____ INFORMATION SHOWN

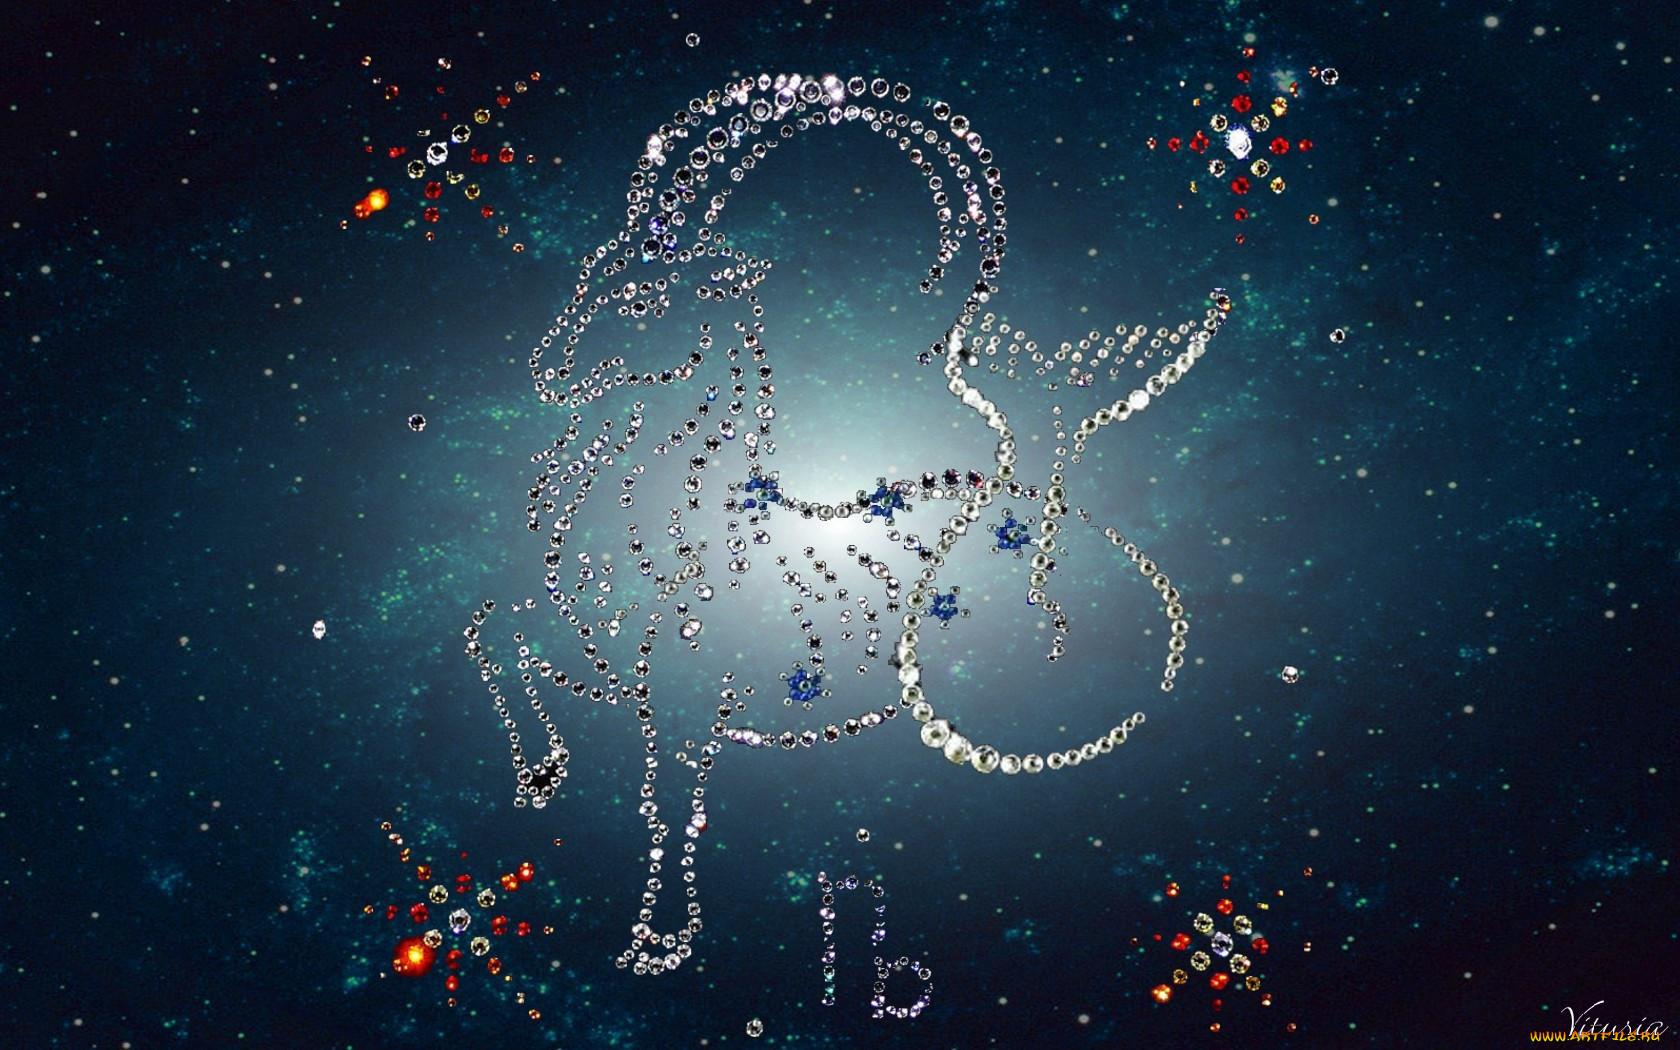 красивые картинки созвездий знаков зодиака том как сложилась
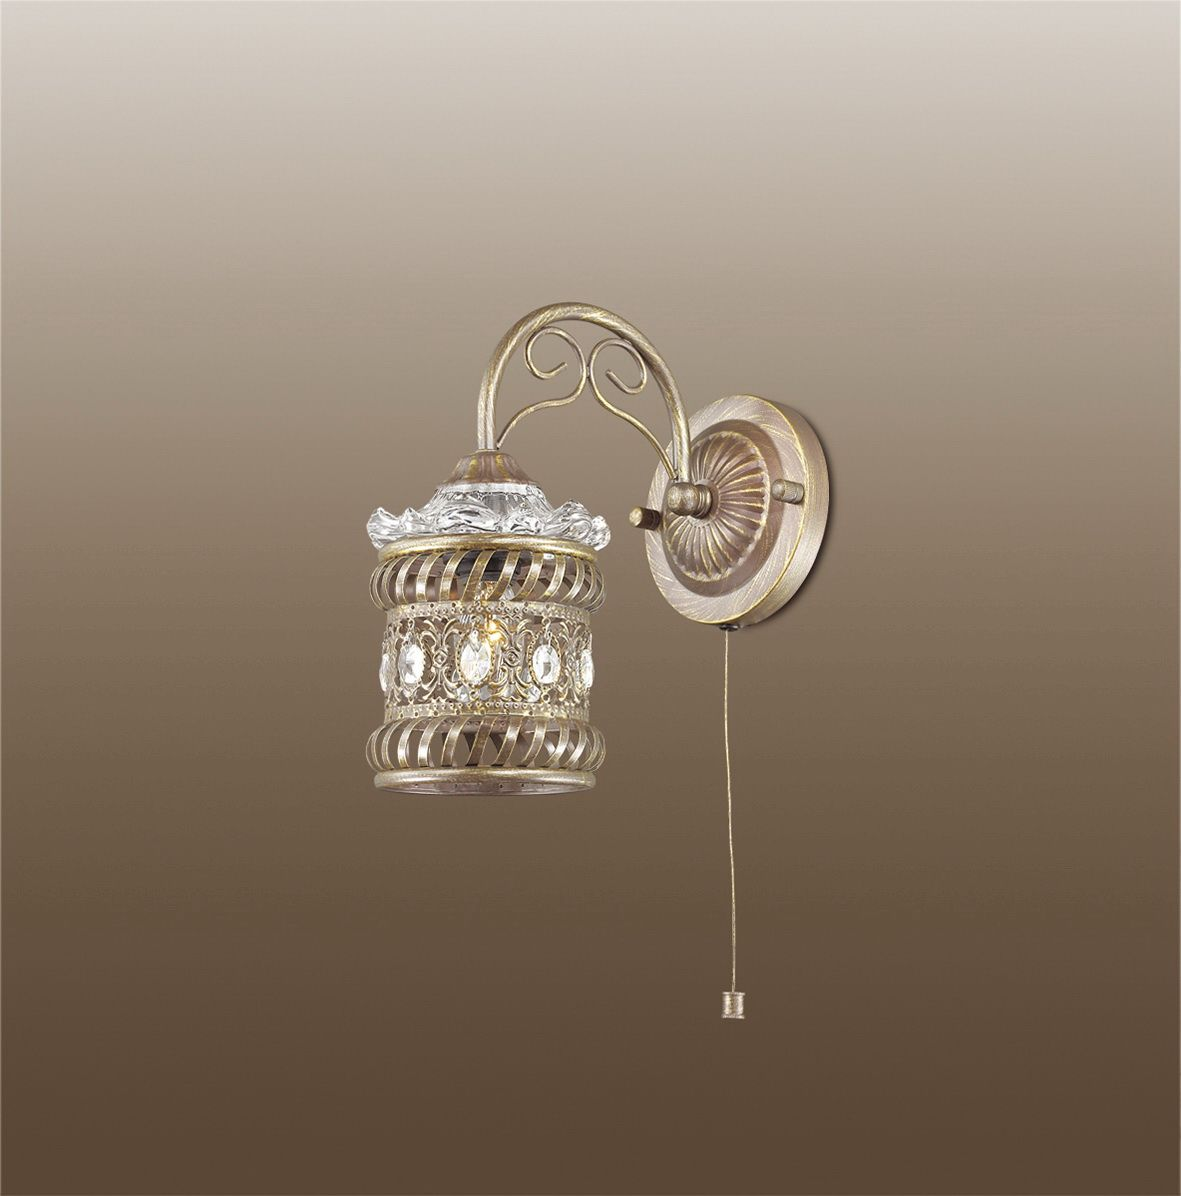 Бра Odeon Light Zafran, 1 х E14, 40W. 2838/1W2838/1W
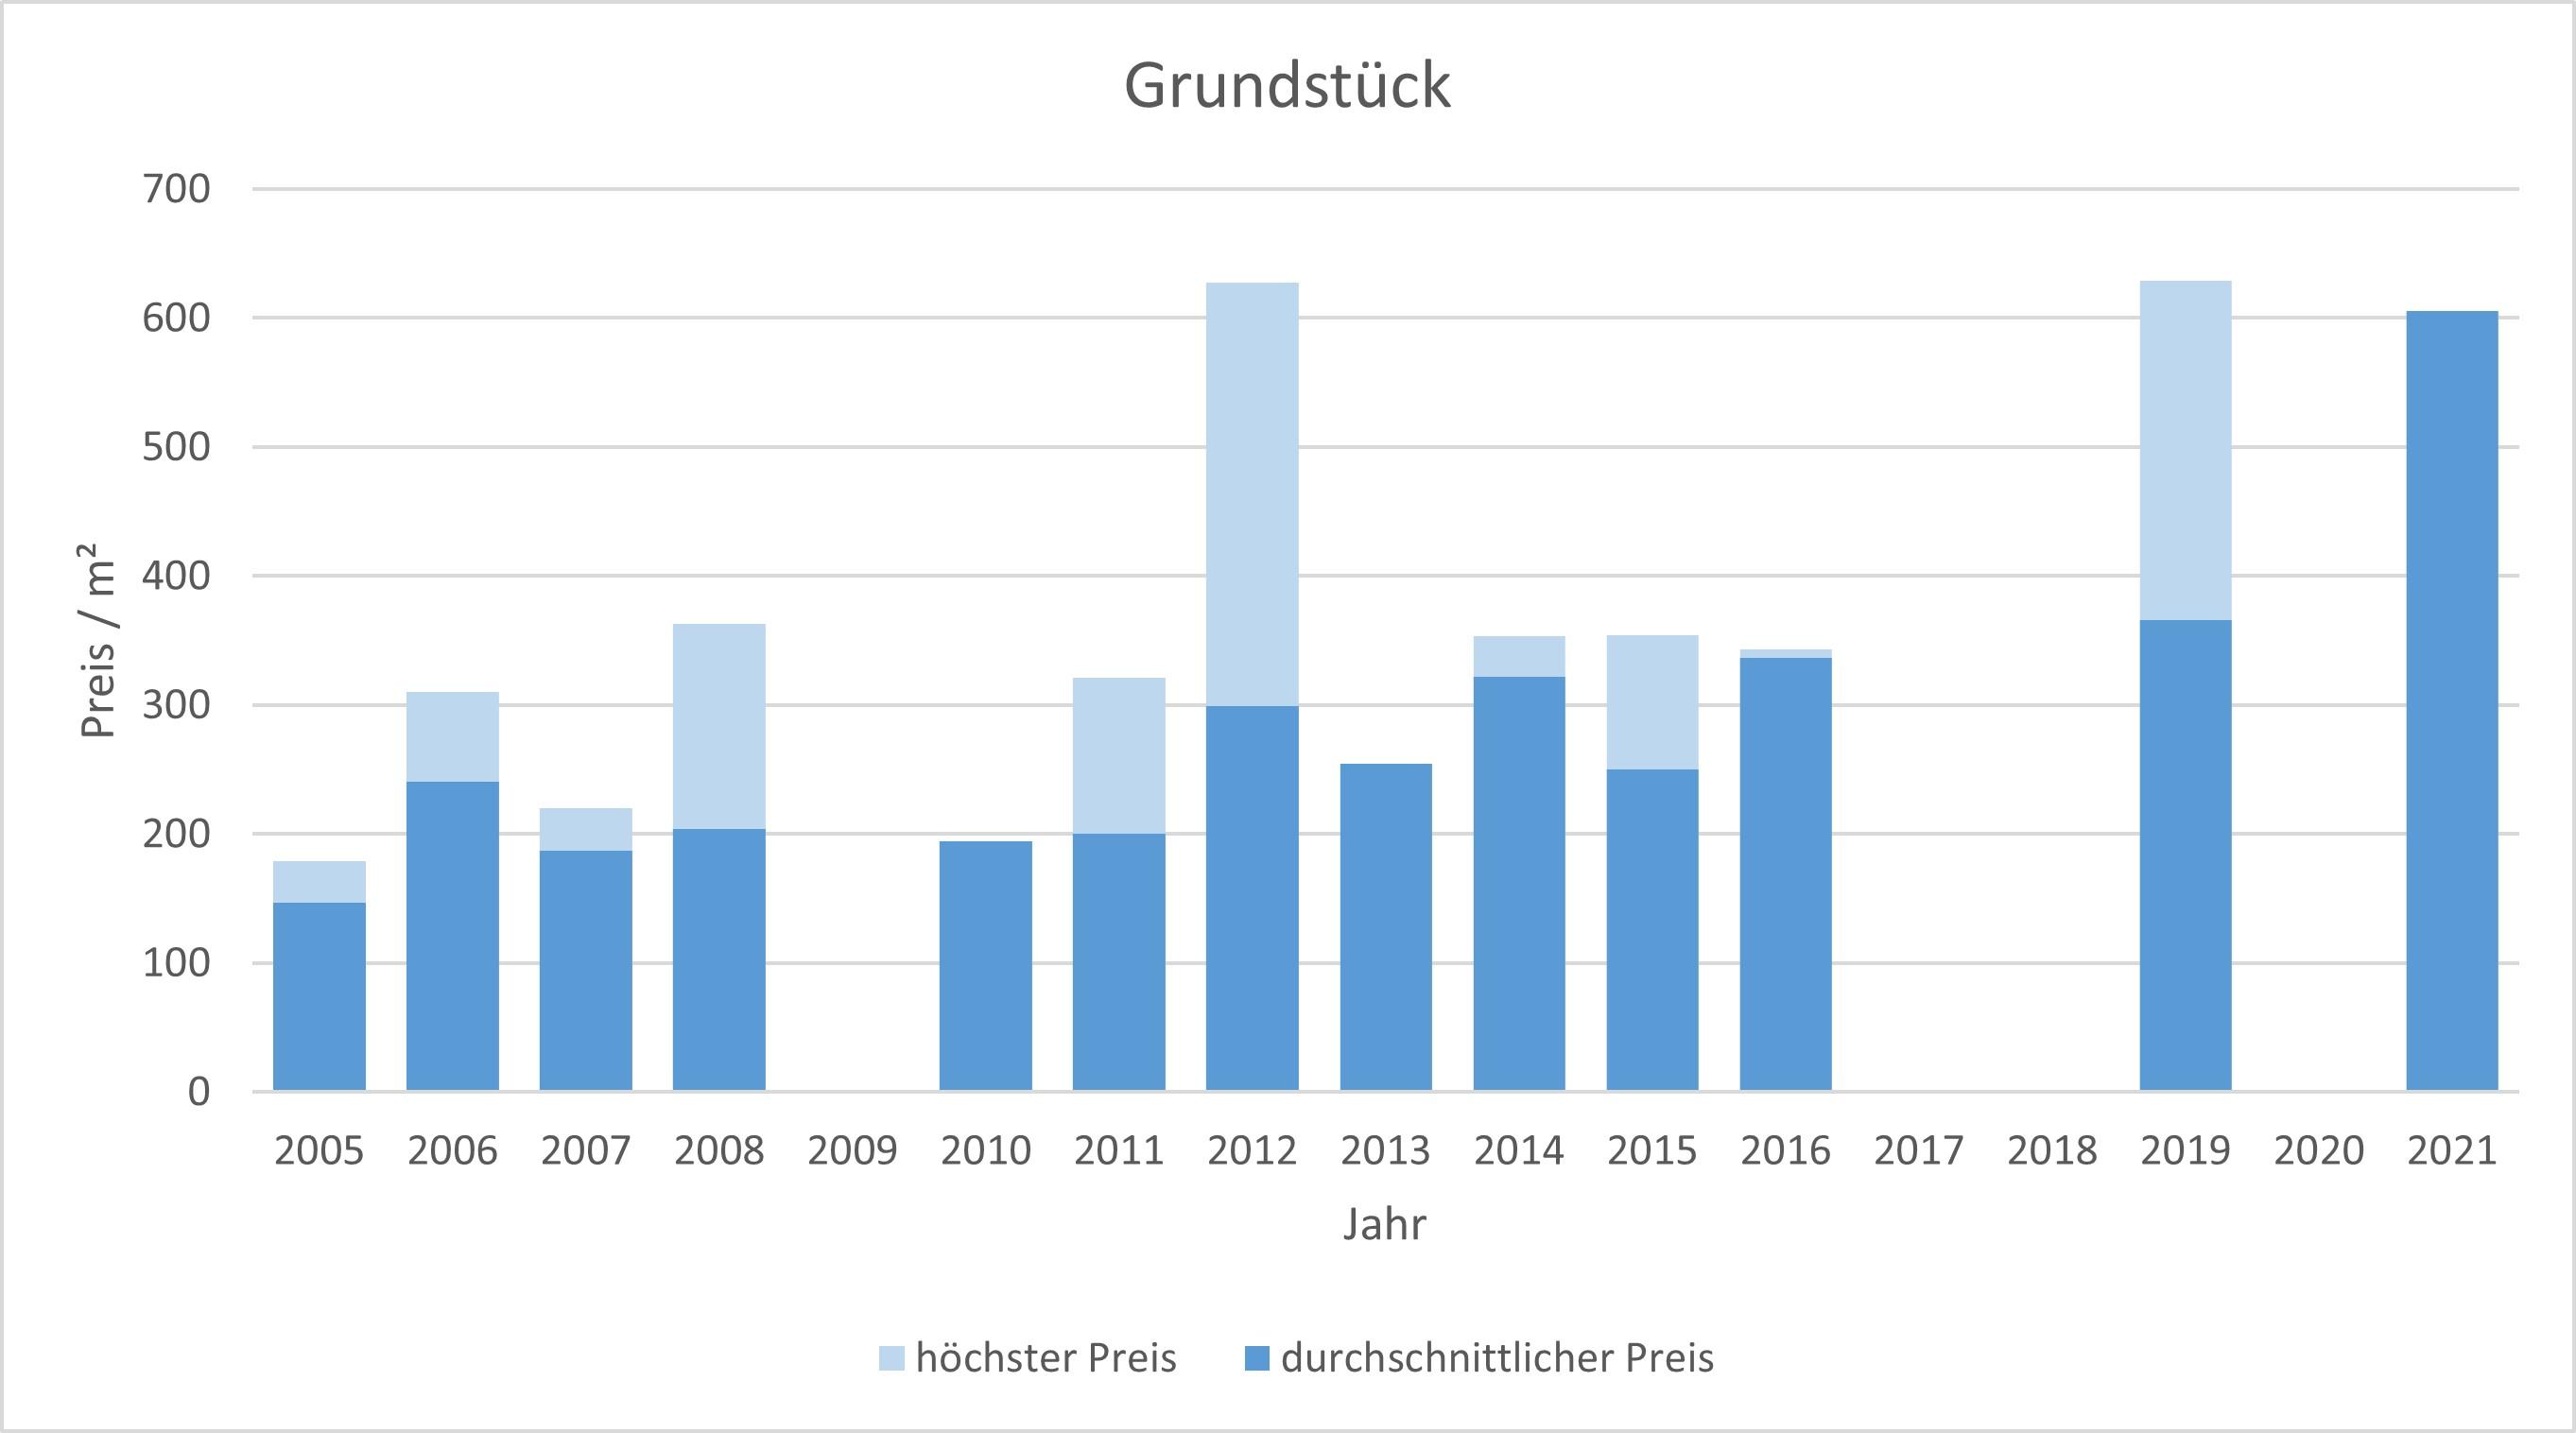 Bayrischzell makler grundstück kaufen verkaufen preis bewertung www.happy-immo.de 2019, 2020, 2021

________

* [ACTIVITY]: Every line of the data is to be transcribed exactly, and no picture is to be included.

* [EXPECTED ANSWER]:
 красивые картинки созвездий знаков зодиака том как сложилась
 Бра Odeon Light Zafran, 1 х E14, 40W. 2838/1W2838/1W
 Bayrischzell makler grundstück kaufen verkaufen preis bewertung www.happy-immo.de 2019, 2020, 2021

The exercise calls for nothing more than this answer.